Since Annie is getting more verbal, you can start trying to counter that “contrary to everything” behavior by asking questions with a choice rather than open-ended or yes/no ones.

For instance, in the example you used, you could ask her “Annie, do you want to put on your shoes and go outside, or do you want me to look at your foot?” This method works well when your child is having difficulty making a decision, or wants to do something you don’t approve of. For instance, if your child isn’t crazy about eating vegetables, instead of “Do you want peas for dinner?” you ask “Do you want Green Beans or Peas?” This way she has a say in the decision process and in turn is more likely to actually eat them.

You’ve mentioned that Annie is doing well picking out her clothes so far, but someday there might come a time when she wants to wear shorts, a tank top and flip-flops on the day you’re taking a trip to the mountains. That’s when you can choose two outfits that are appropriate for the weather and terrain, and let her pick out which one she likes best.

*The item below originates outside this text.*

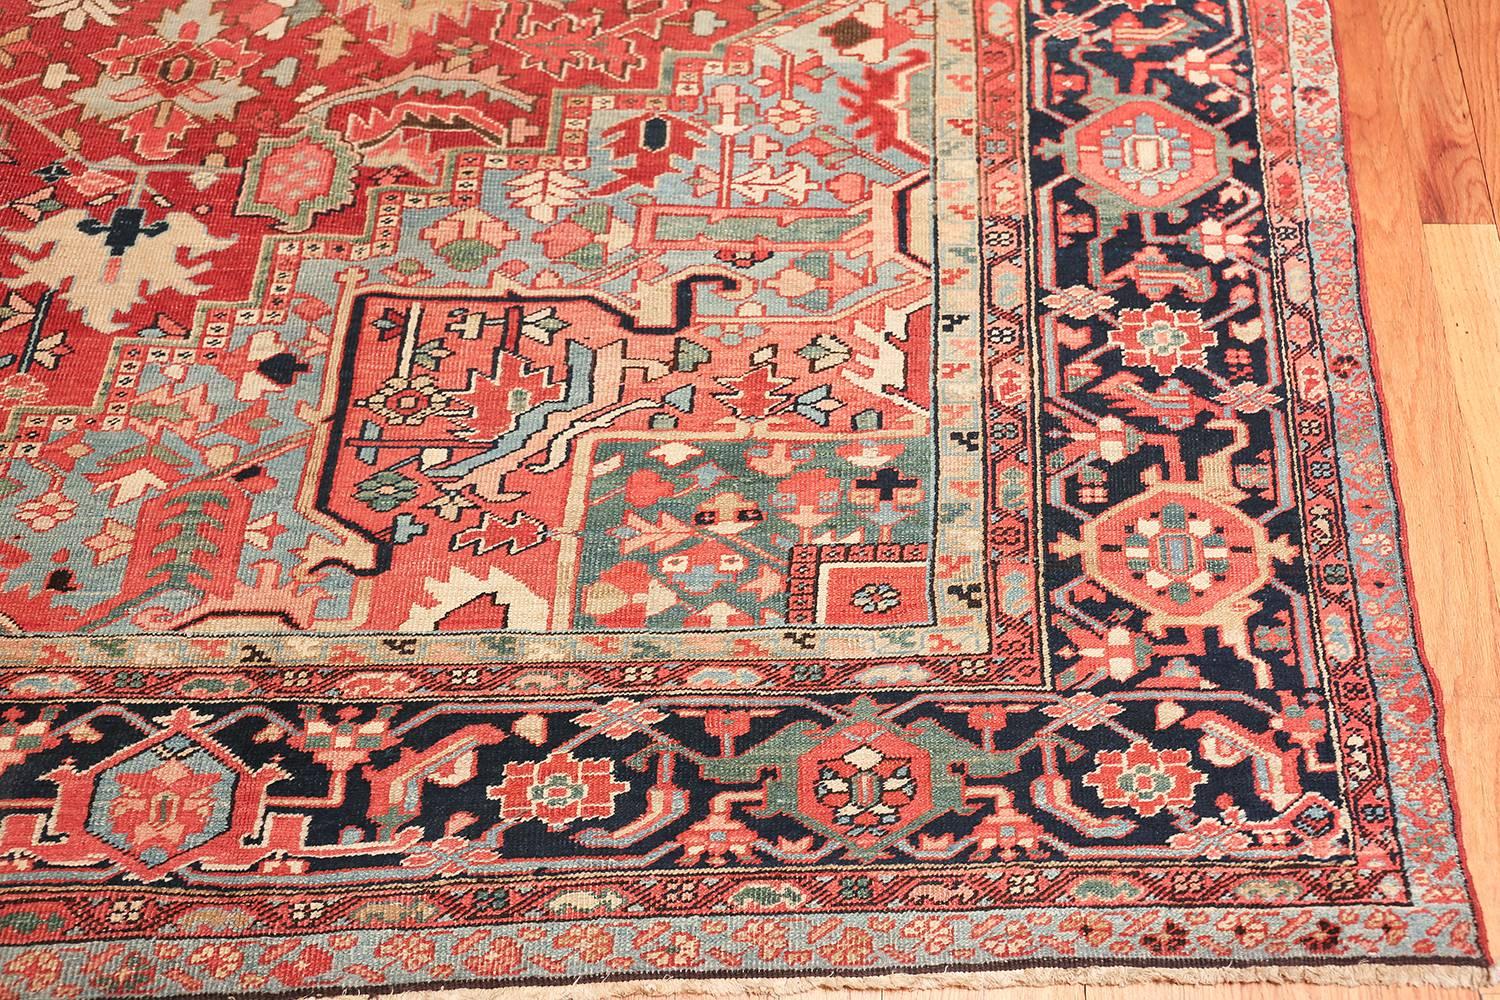 Hand-Knotted Room Size Geometric Antique Persian Heriz Rug. Size: 11 ft x 14 ft 4 in
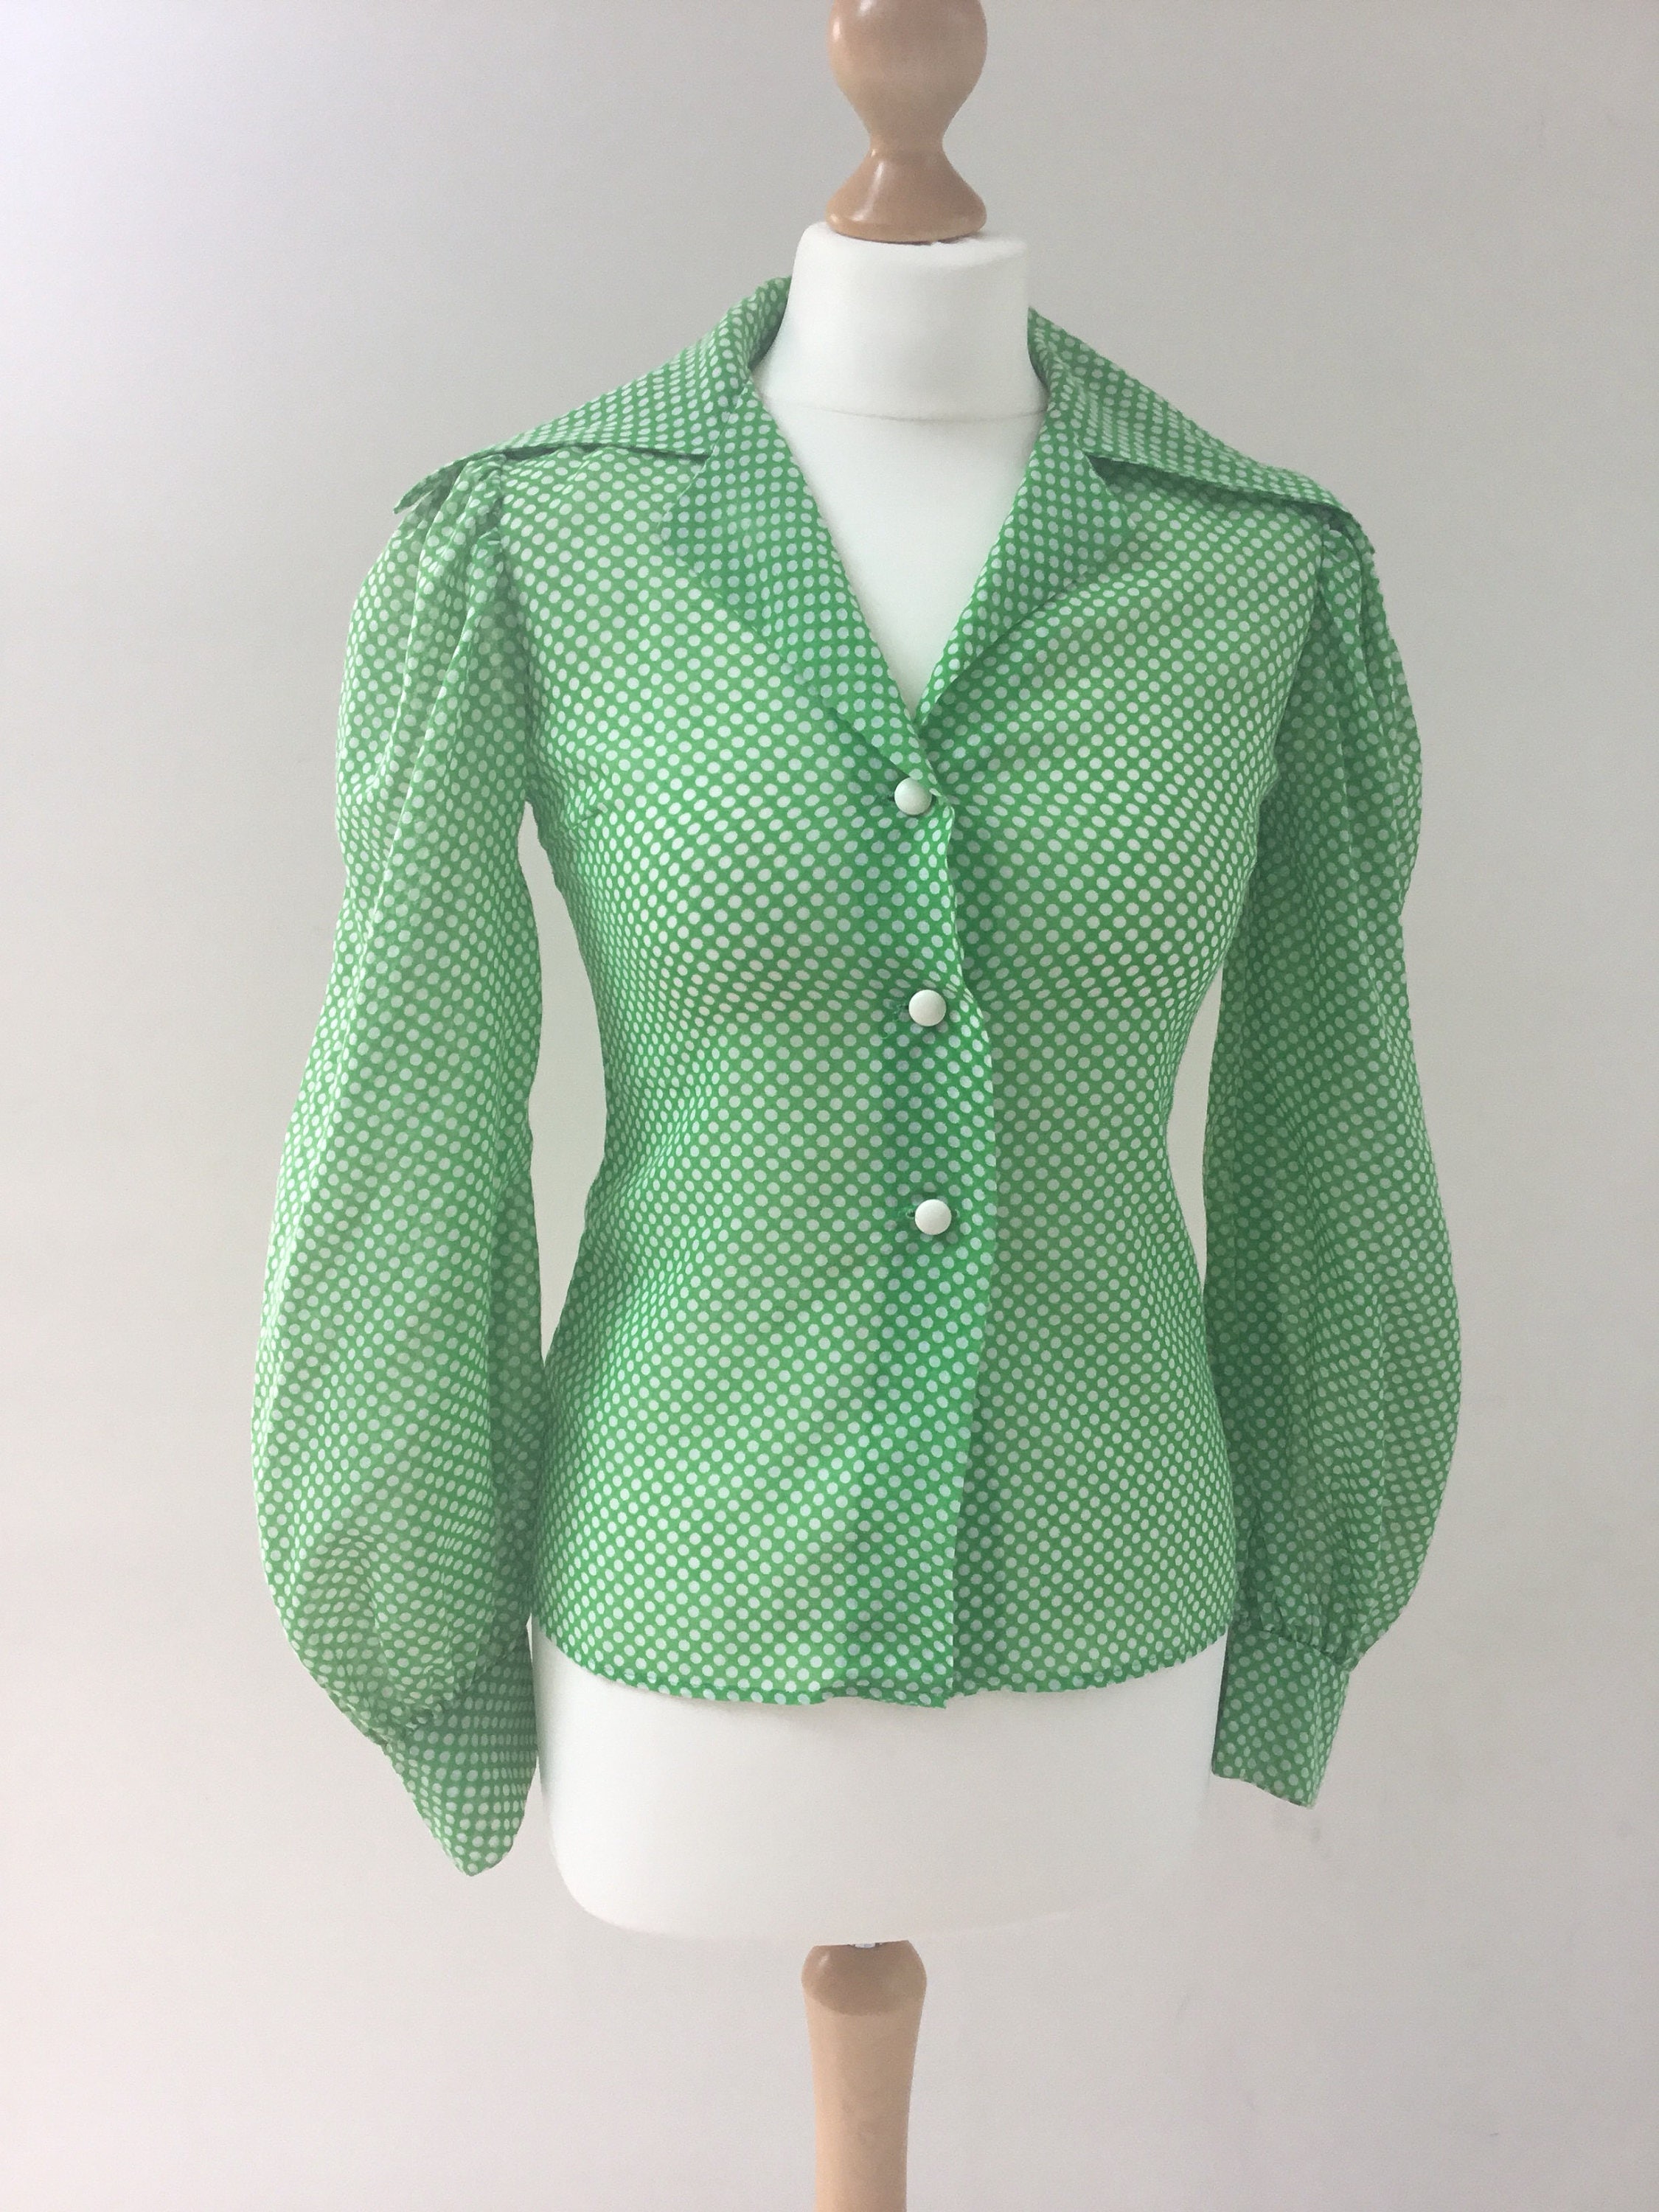 Polly peck by Sybil Zelker laidies shirt, size 8 1970s blouse with ...

If you are consistent, this also works when she’s older and wants to do something you don’t approve of. She’s 14 and wants to spend Friday night at “Susie’s” house, but “Susie’s” parents are going out for the evening and won’t be home till after midnight. You don’t like this, so you give her two choices you do approve of. “I’m not comfortable with her parents not being home, so you are welcome to invite “Susie” to spend the night here, or you can go over to her house on Saturday when they will be there.” Coincidentally, at 14, if she throws a huge fit over those choices, that also a good way to gauge that she may not have had the purest of intentions for her evening plans, lol!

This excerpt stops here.